VMware Cloud Community
tamiraig
Contributor
Contributor
Jump to solution

performance issue MSSQL vm on ESXi6.7

I Have a cluster with 8 ESXi 67 servers (1.5TB physical RAM each) containing about 400 VMs

one particular vm is a MSSQL server with 80GB RAM, 16 CPU

~59 GB memory active

~28.61 GHz CPU USAGE

the DBA is constantly requesting to add more RAM to that machine as he is claiming that the machine performance are slow due to lack or memory (low PLE).

my questions are:

what are the disadvantages of giving large amount or virtual memory to a single vm machine?

is there a way to check if virtual memory is actually the bottleneck from the vm perspective?

thanks

T
Labels (2)
0 Kudos
1 Solution

Accepted Solutions
vbondzio
VMware Employee
VMware Employee
Jump to solution

  1. It doesn't, yet. vCPU hot-add disables vNUMA, meaning that as soon as your VM size is >= 25 vCPUs on those hosts, one one vNUMA node will be presented to the host despite being scheduled over two.
  2. coresPerSocket only defines the guest visible CPU and cache topology, it doesn't affect ESXi scheduling or vNUMA autosizing (since 6.5), right now the VM runs on a single socket yet you present the guest two. The OS / application might schedule preferentially on one "socket" because it doesn't know that all vCPUs are in the same one.

    In general, better locality is preferable to being wider distributed, the latter is only benefitial if the application is NUMA optimized to a high degree _and_ can benefit from the additional memory bandwidth.

    Before 6.5, setting cpuid.coresPerSocket also set maxVcpusPerNode (edit: sorry, internal short form) numa.vcpu.maxPerVirtualNode and the two resulting NUMA clients, those were then most likely scheduled on two different pNUMA nodes.
  3. There isn't really a disadvantage, just make sure that if you should cross the single pNUMA memory amount, that you manually size the vNUMA nodes since ESXi's autosize only goes after vCPUs and cores per pNUMA node.
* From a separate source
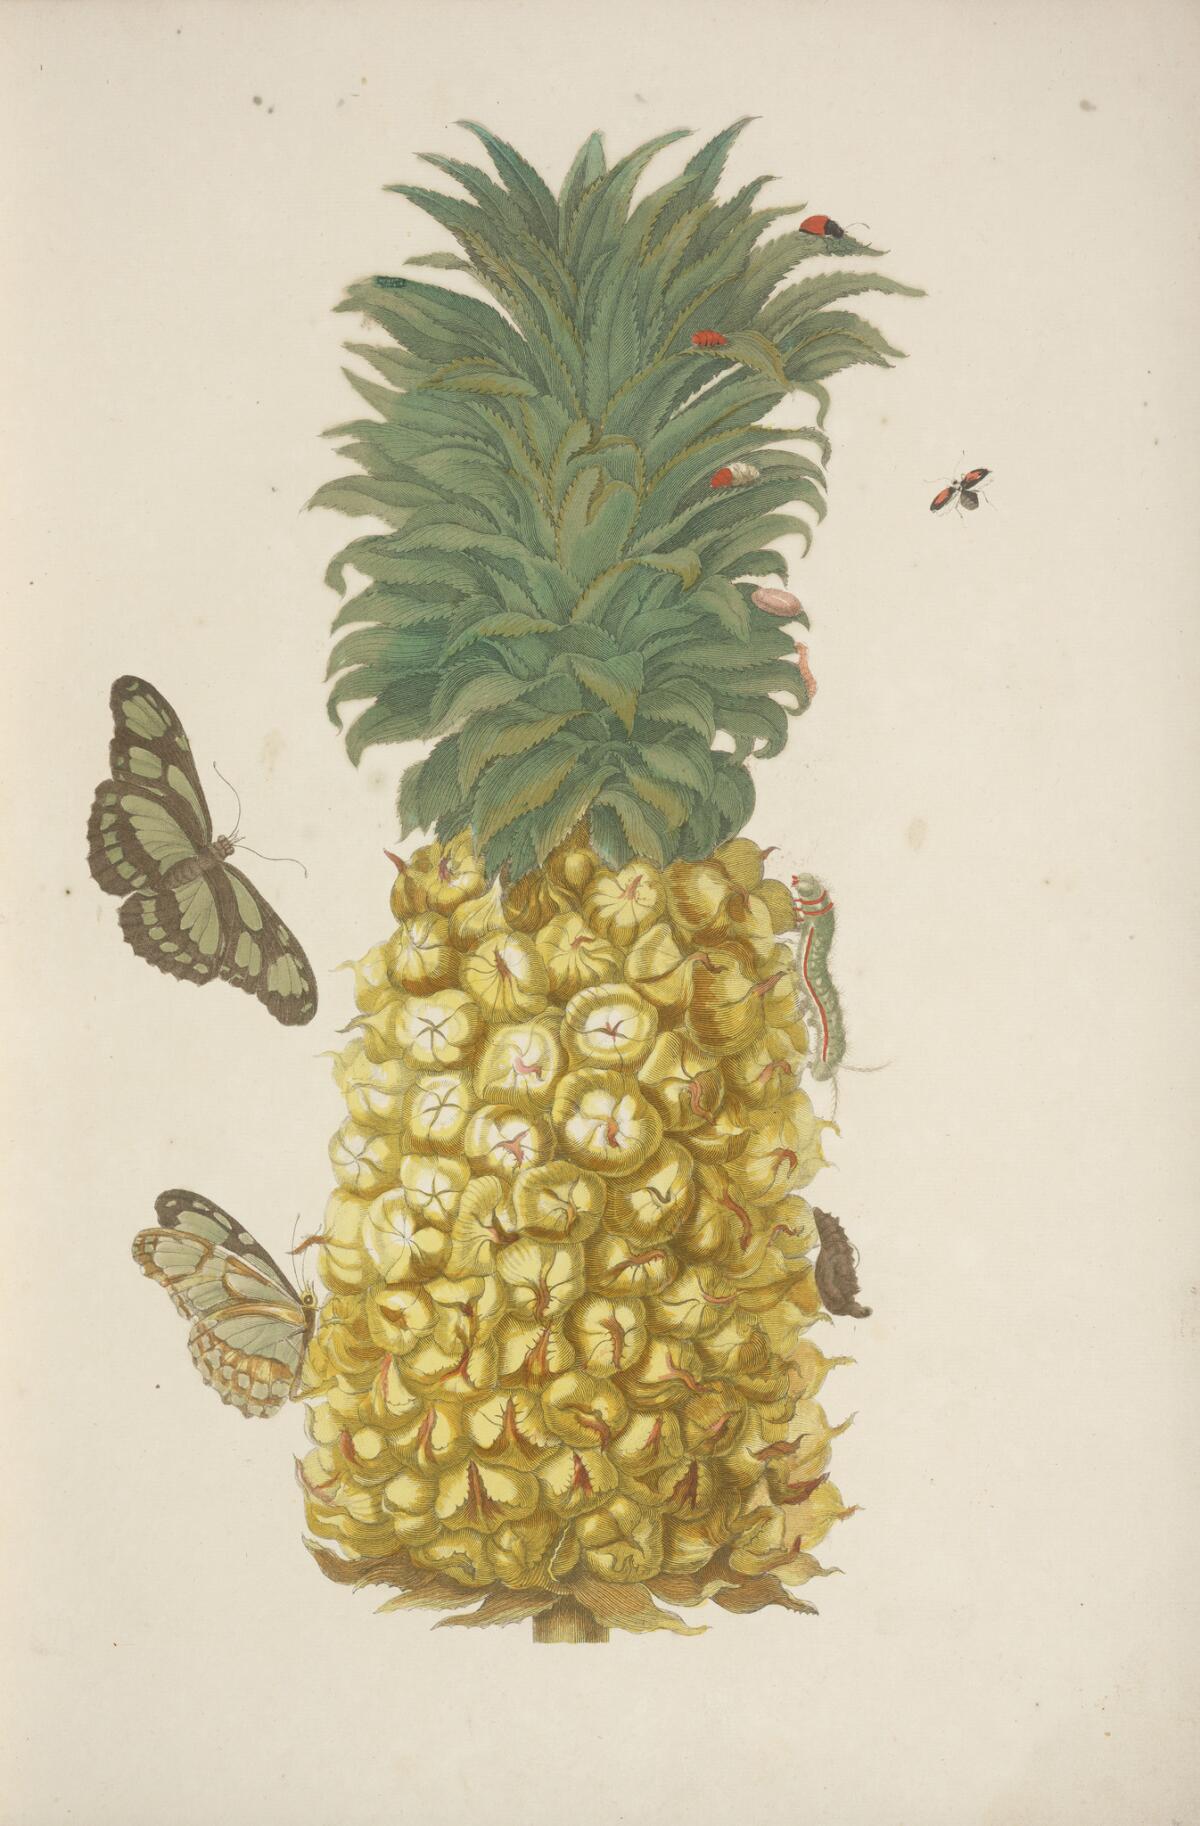 A pineapple as depicted in Maria Sibylla Merian's "Metamorphosis insectorum Surinamensium," 1705.

    vMotion impact is mostly dictated by memory / CPU activity but this particular workload doesn't seem excessive, there were some fairly substantial issues with vMotion of large VM pre 6.5 but that is no longer applicable. There are of course still monster workloads that might be somewhat impacted during the trace / resume phase but your's isn't getting close.
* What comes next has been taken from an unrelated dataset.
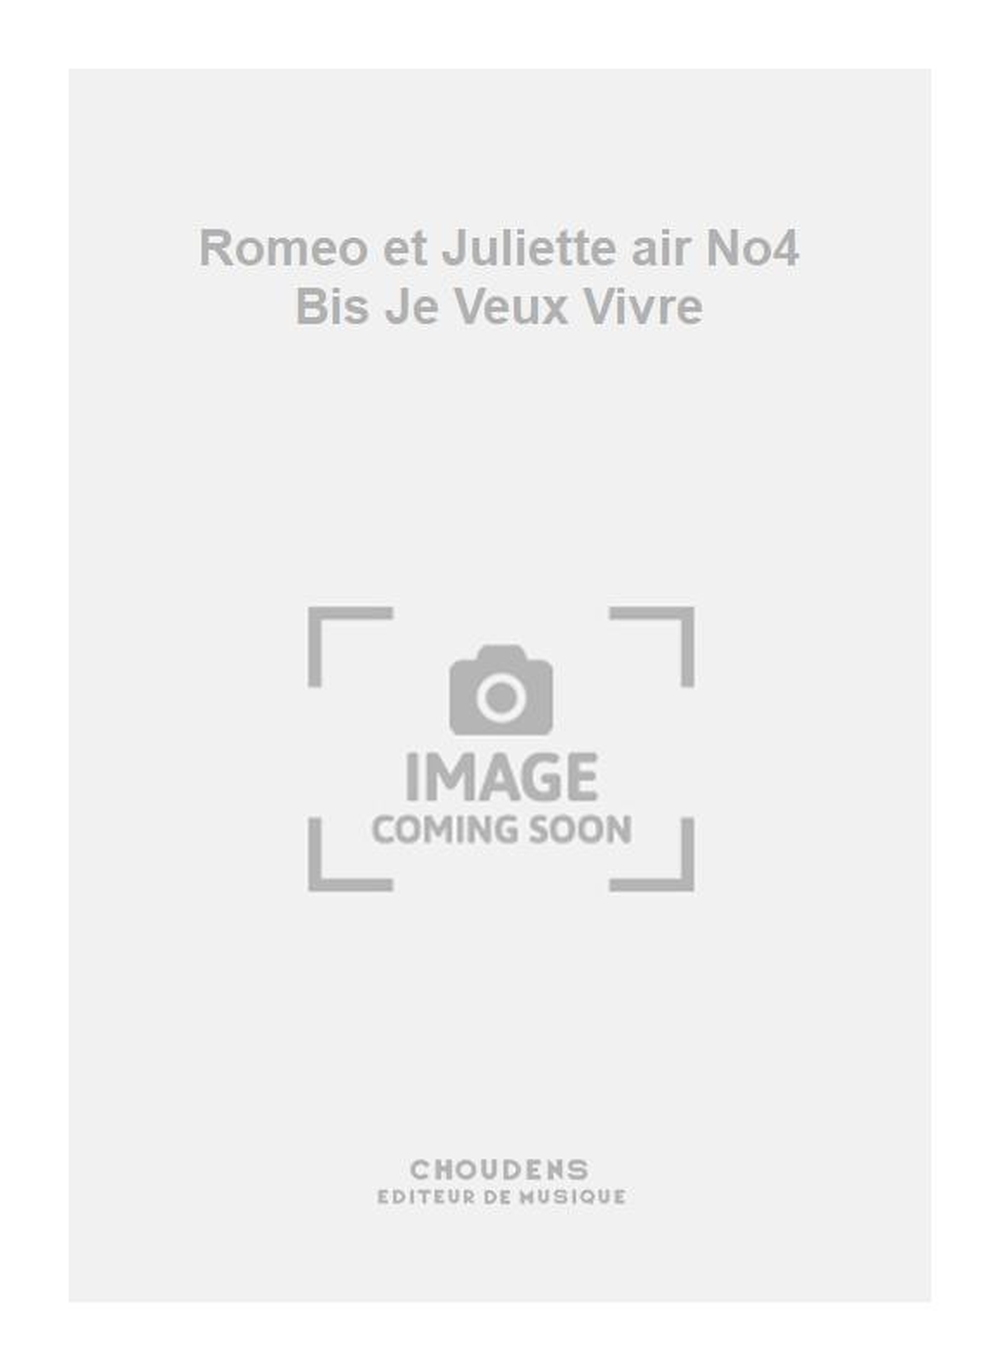 Charles Gounod: Romeo et Juliette air No4 Bis Je Veux Vivre

    Even for those, the tracing impact was dramatically reduced in 7.0 and for the resume phase, 7.0 U1 included some major changes.

    Definitely read: https://www.vmware.com/content/dam/digitalmarketing/vmware/en/pdf/techpaper/performance/vmotion-7u1-... if you want to know more.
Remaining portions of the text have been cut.